The bookcases held more binders, along with a couple books on management style. Crane turned to the desk drawers. They prove
d uninteresting until he reached the bottom drawer on the side. This turned out not to be a drawer at all but a cabinet door that pivoted down to reveal a metal strongbox with a combination keypad. Crane considered it for a moment.
“Crane…”
A wheezing whisper, as much exhalation as spoken word. Crane whirled and saw Horton staring at him, fighting to raise his arm.
“Jesus, Horton!”
Crane sprang to him, dumping the trauma kit from his shoulder as he knelt at Horton’s side. He was automatically scanning wounds, deciding what needed to be treated first.
But Horton pointed one shaking finger at his desk, at the lockbox behind the door. He fought to speak.
“Birthday…” he said. “Birth…” The word collapsed into a long, rattling breath, and then Horton was still again. Crane checked his pulse and swore quietly.
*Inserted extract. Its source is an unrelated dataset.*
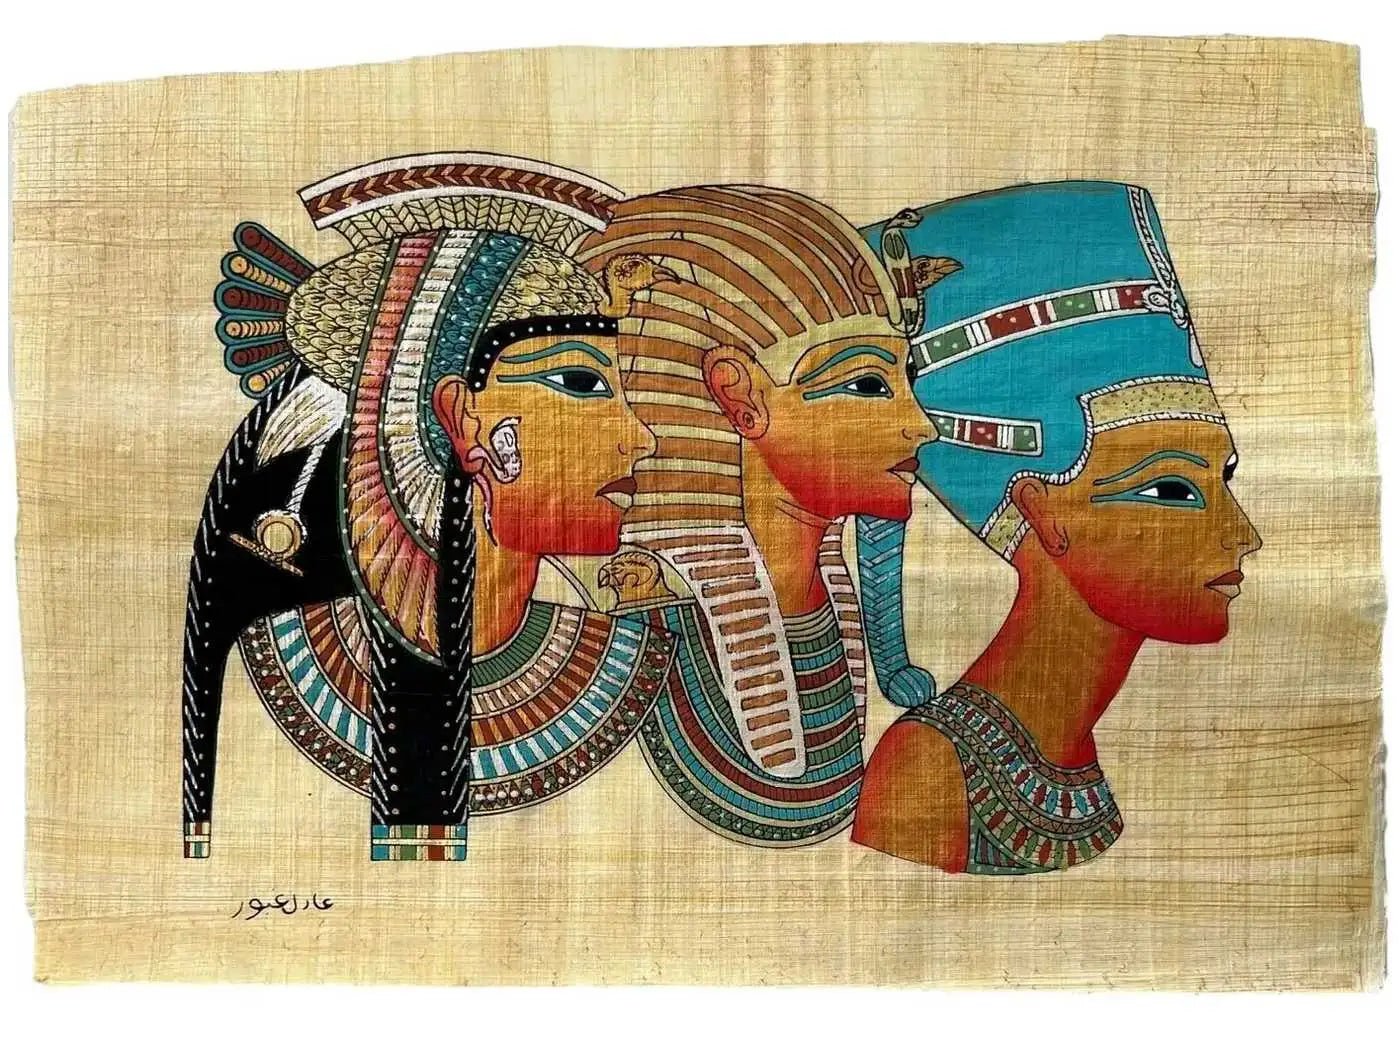 Cleopatra in Royal Vulture Crown, Tutankhamen in Nemes, Nefertiti in Modius Papyrus Egyptian Hand-Made Papyrus Painting 13x9 inches

He glanced back at the keypad and then rolled Horton gently onto his side and pulled his wallet from his back pocket. He searched it for Horton’s driver’s license, and there was his date of birth. Year, three letters for the month, day.
It took him a couple tries; the year turned out to be unimportant. But 0427 for April twenty-seventh did it. The lock clicked, and Crane slid the box open.
Inside, on top of a stack of papers, was a set of color-coded keycards with mag stripes. A legend was taped to the side of the drawer beside them. White was customer service staff, blue was housekeeping, green facilities, purple security. The red card was labeled simply “override.” The notes told Crane it would open any lock in the hotel.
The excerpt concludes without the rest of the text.